Balanced complexes have been shown to play a key role in the reduction of large-scale metabolic networks [see12 and references therein]. They shall be viewed as intrinsic properties of the network that shed light on its steady state characteristics regardless of the underlying kinetics governing the conversion of species. The nonstoichiometric BCs have an additional interesting facet to themselves: They carry extra information about the network structure, which is not contained in the steady state Eq. (3) or in the linkage closedness condition \({\mathbf{U}}^{\text{T}}\mathbf{A}\mathbf{v}=0\), but emerges as a joint product of the stoichiometry, graphical structure, and flux constraints.

In what follows, we introduce transformations on a given reaction network \(G\), which encodes these extra pieces of information into the steady state equation of a modified network \({G}^{*}\), which has the same graphical but a different algebraic structure. This will enable us to exploit \({G}^{*}\) to make observations about steady-state characteristics of the original CRN \(G\). Even though only nonstoichiometric BCs carry extra pieces of information to encode, we shall next begin by introducing these transformations in the more general case, i.e. for any arbitrary BC \({C}_{b}\in \mathcal{C}\).
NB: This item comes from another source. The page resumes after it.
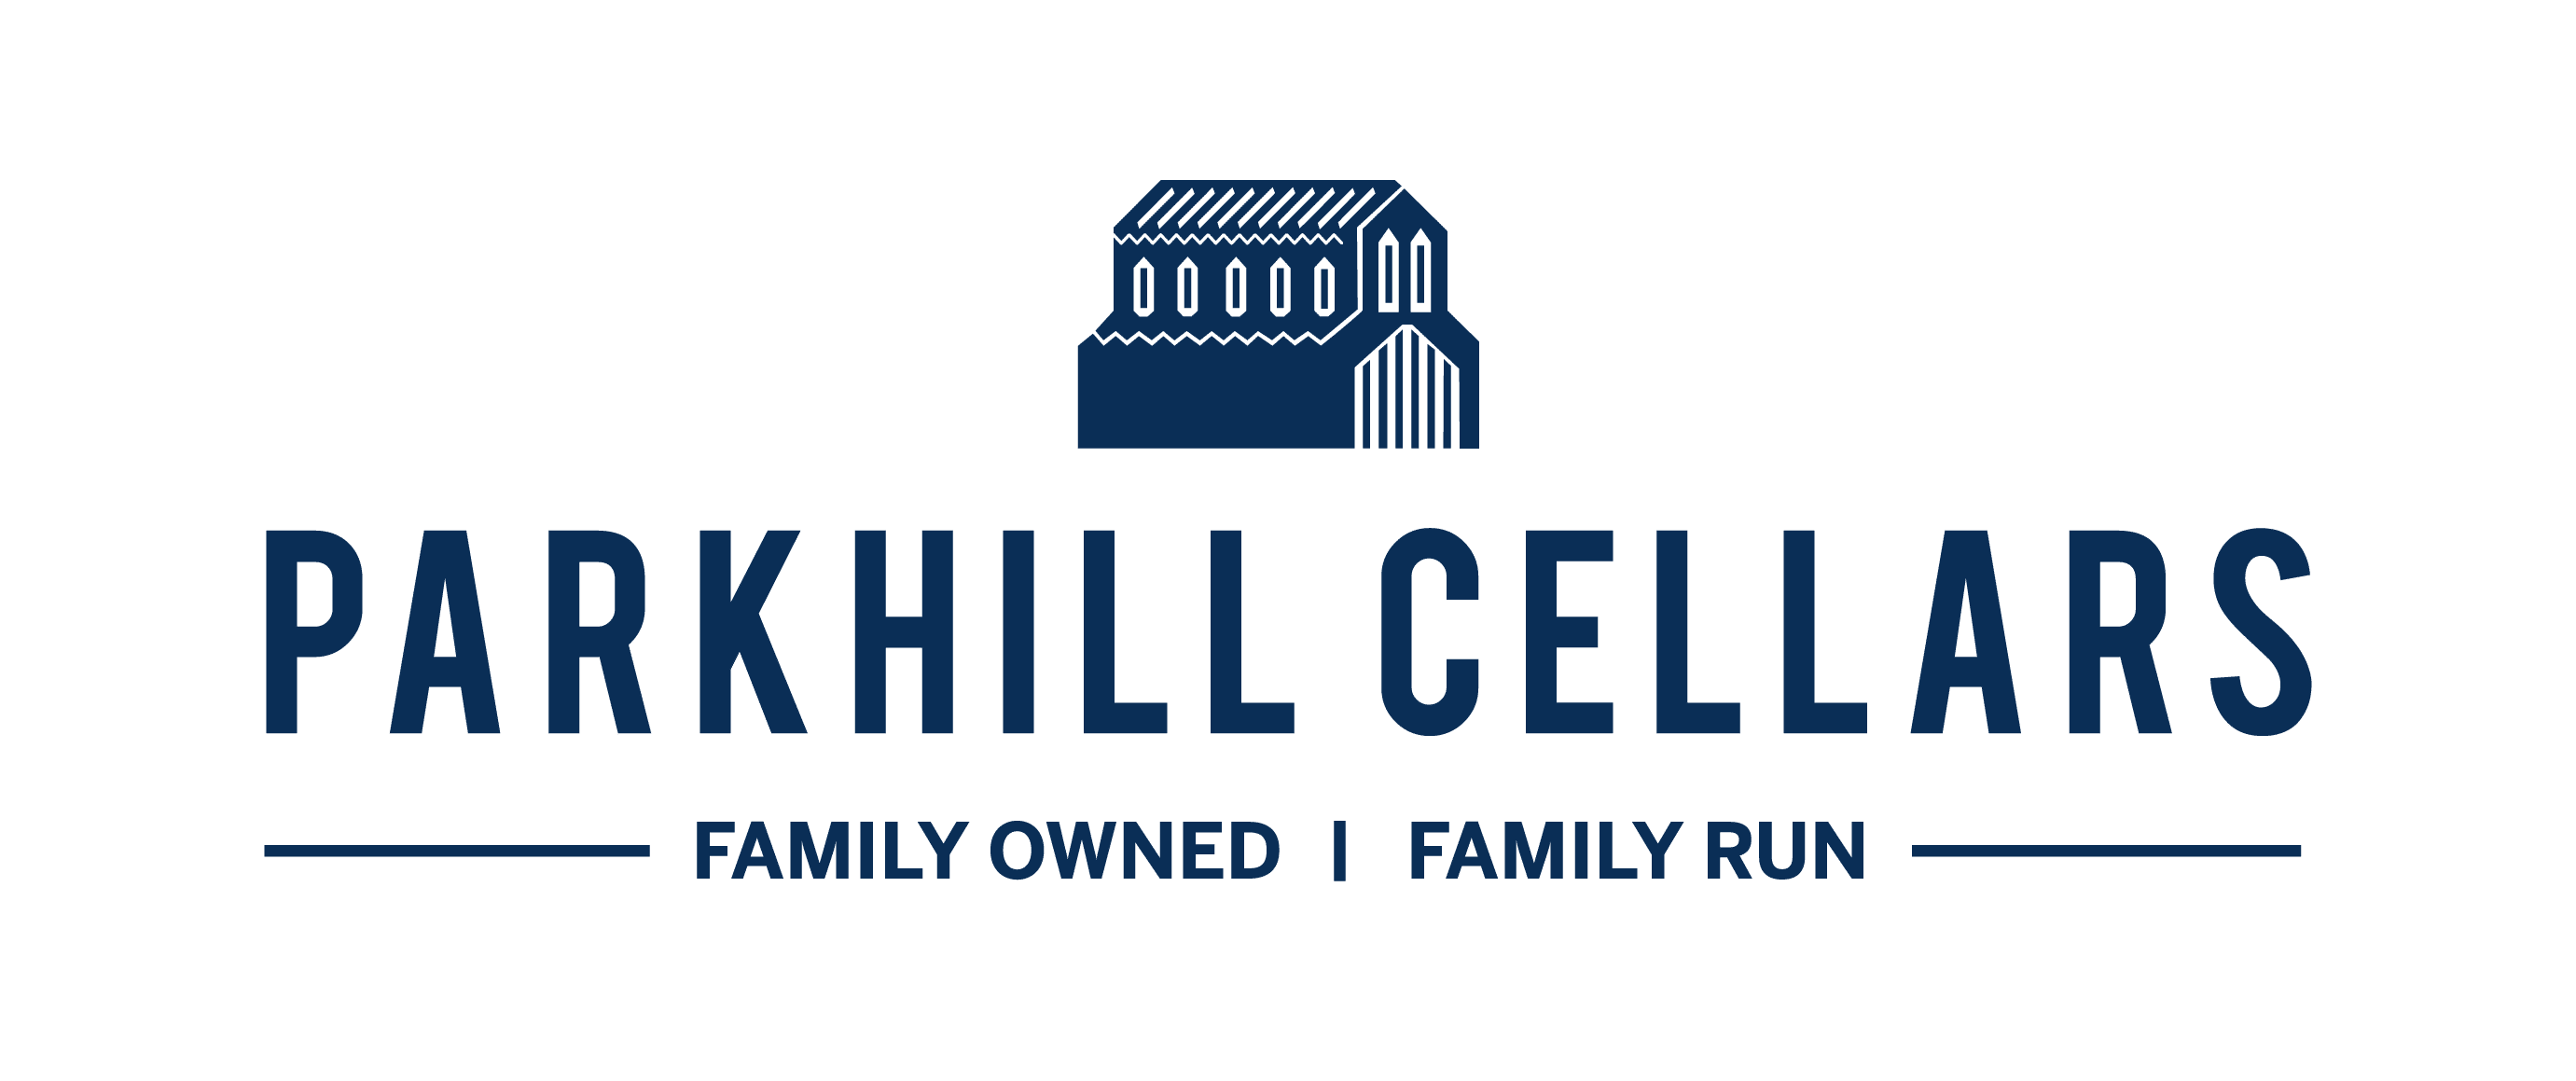 Parkhill Cellars

Insertion of phantom species

Let \(G\) be a CRN and \({C}_{b}\in \mathcal{B}(G)\) be any balanced complex in \(G\), i.e. \({{\mathbf{e}}_{b}}^{\text{T}}\mathbf{A}\mathbf{v}=0, \forall \mathbf{v}\in \mathcal{F}\left(G\right)\). Suppose we ‘amend’\(G\) by inserting one molecule of some phantom species \(\sigma\) into complex \({C}_{b}\). This yields the modified network \({G}^{*}=({\mathcal{S}}^{*},{\mathcal{C}}^{*},{\mathcal{R}}^{*})\), where \({\mathcal{S}}^{*}=\mathcal{S}\cup \left\{\sigma \right\} , {\mathcal{C}}^{*}=\left\{{\mathbf{y}}_{b}\oplus \sigma \right\}\cup \mathcal{C}\setminus \left\{{\mathbf{y}}_{b}\right\} , {\mathcal{R}}^{*}=\mathcal{R}\). Accordingly, the stoichiometric map and incidence matrix for \({G}^{*}\) are given by

$${\mathbf{Y}}^{*}=\left[\begin{array}{c}\mathbf{Y}\\ {{\mathbf{e}}_{b}}^{\text{T}}\end{array}\right] , {\mathbf{A}}^{\mathbf{*}}=\mathbf{A} .$$

We refer to this transformation as injection of vector \({\mathbf{e}}_{b}\) into network \(G\). As this procedure is only applied to some balanced complex \({C}_{b}\) and it involves insertion of some new species (not already in the network), the following result is trivially obtained.

Lemma 5.1

Let \(G\) be a network,\({C}_{b}\in \mathcal{B}\left(G\right)\) and \({G}^{*}\) the modified network obtained by injection of \({\mathbf{e}}_{b}\) into \(G\). Then \(G\) and \({G}^{*}\) have identical steady state flux distributions, that is, \(\mathcal{F}\left(G\right)=\mathcal{F}\left({G}^{*}\right)\). In particular, any balanced complex of one is a balanced complex of the other, \(\mathcal{B}={\mathcal{B}}^{*}\). Moreover, we have the inclusion \({\mathcal{B}}_{2}\subseteq {\mathcal{B}}_{2}^{*}\), which turns to a strict inclusion, if \({C}_{b}\in \mathcal{B}\setminus {\mathcal{B}}_{2}\).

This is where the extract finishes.